I started this project with my master thesis, and continued the development throughout my PhD. Initially I called it reasoning-hadoop, but later I renamed it as WebPIE (Web Parallel Inference Engine). WebPIE is a forward-chaining reasoner that applies (most of) the RDFS and OWL Horst rules over very large collections of RDF data to materialise any possible conclusion. It relies on the Hadoop framework to distribute the computation, and in our largest experiments we showed how we can use it to perform not-trivial reasoning over about three times the entire size of the Semantic Web using only a cluster of moderated size (64 machines).

This work is described in my master thesis, in a number of scientific publications, and in part of my PhD thesis. All the code is available online, and here you can read a short tutorial on how to launch it on the Amazon EC2 cloud.

Ajira

Ajira is a project that I started after my PhD. The goal of this project was to investigate whether we could generalize the computation that we were performing during reasoning into a generic distributed data processing engine. As a result, I developed (in collaboration with Ceriel Jacobs) a framework that is capable not only to perform generic batch computation (“mapreduce” style), but also stream computing. A key feature of Ajira is that it is capable of executing very complex workflows, allowing not only multiple map-reduce phases, but also iterations and recursion. To the best of our knowledge, we could not find any other data-processing framework as expressive as Ajira.

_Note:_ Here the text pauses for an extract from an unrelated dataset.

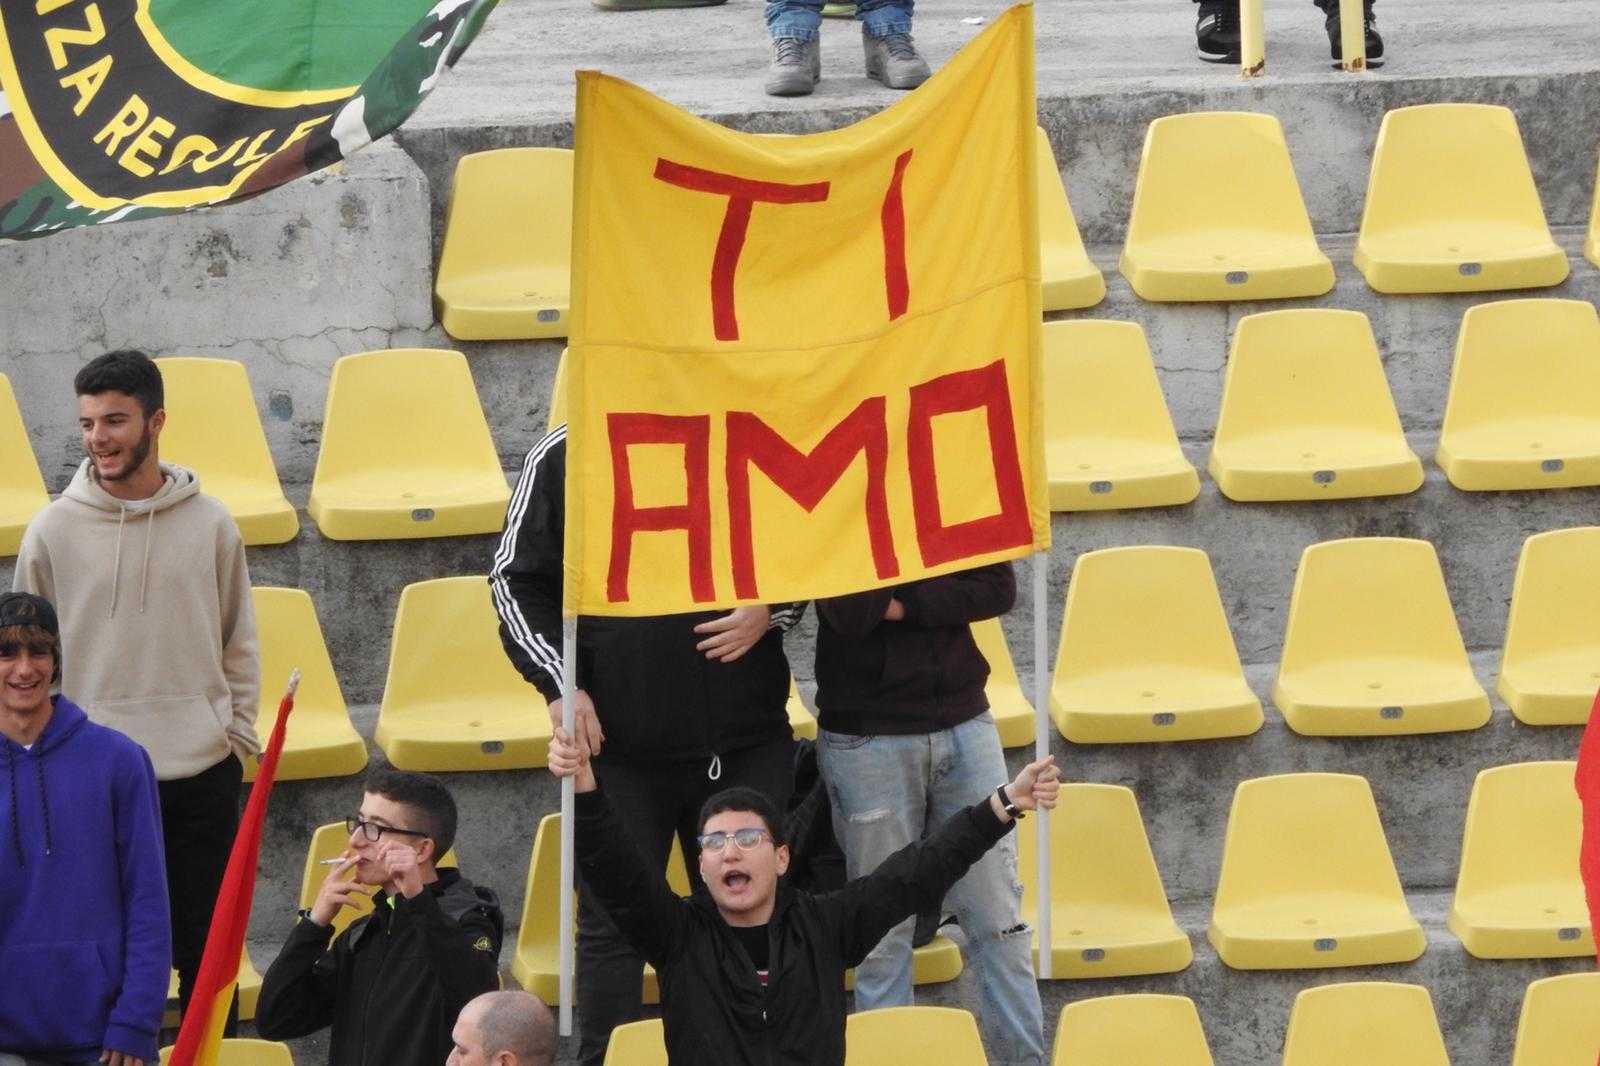 Calcio. Coppa Italia: Catanzaro Monopoli 2-0. Fischnaller e Giannone (corner) spingono i giallorossi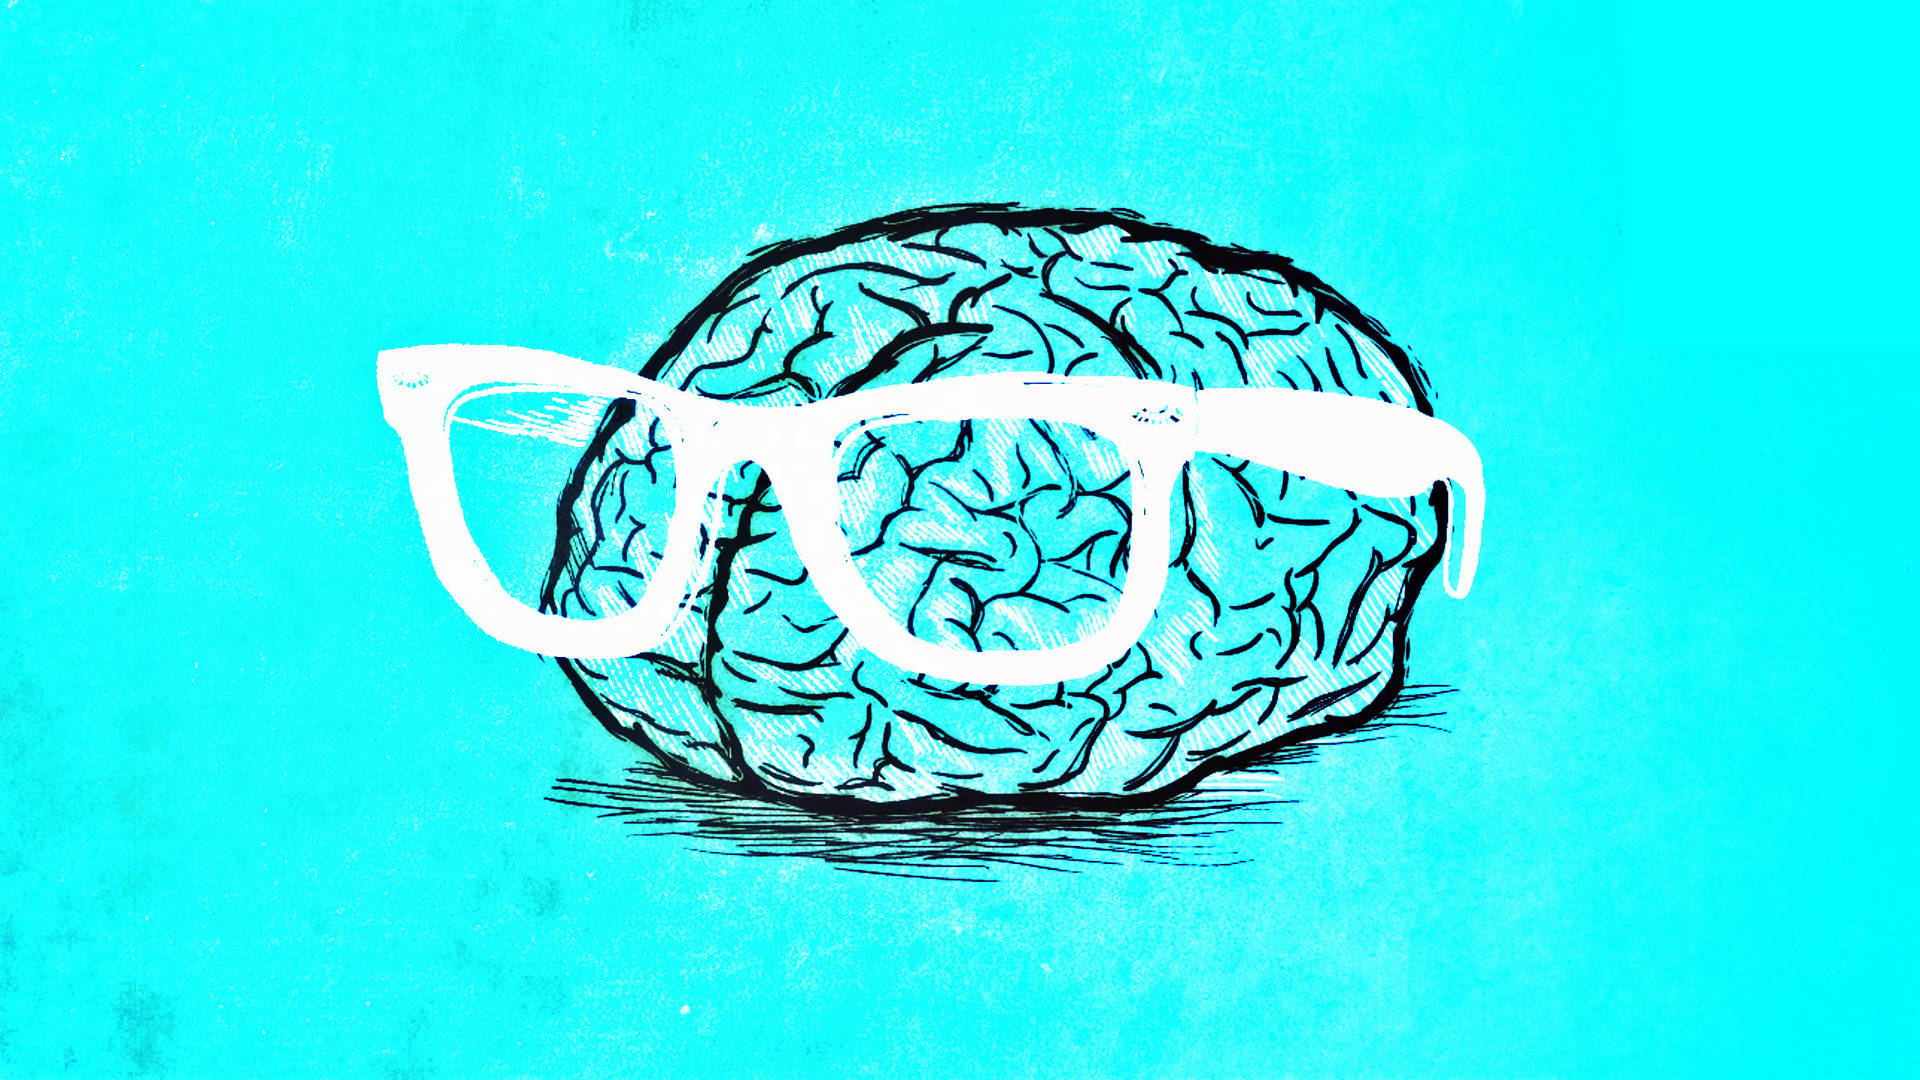 Cerebralercortex Trägt Eine Brille. Wallpaper

Recently, we compared the performance of Ajira against other state of the art approaches like Hadoop, Storm, Esper, and Spark, using some classic algorithms and showed that Ajira outperforms them significantly. These experiments are described in a scientific publication that should be available very soon. Ajira is written in Java. All the code, documentation and tutorial are reported here.

QueryPIE

QueryPIE is a parallel and distributed backward-chaining reasoner, which is designed to apply (most of the) RDFS and OWL 2 RL rules when a user queries a large RDF knowledge base. I started to work on this project during my PhD since I wanted to investigate on the feasibility of approaches which do not require a full materialisation, which is a significant limitation of forward-chaining reasoners like WebPIE.

The main idea behind QueryPIE is to pre-compute only some materialisation, and exploit this partial pre-materialisation to reduce the computation of reasoning at query time. This type of “hybrid” reasoning allows the reasoner to reduce significantly the cost of reasoning paying the price of a small pre-computation. In our experiments, we show that with this technique we can answer both atomic and SPARQL queries over billion of RDF triples in a few milliseconds in the best case, with a pre-computation that takes between few seconds to less than an hour.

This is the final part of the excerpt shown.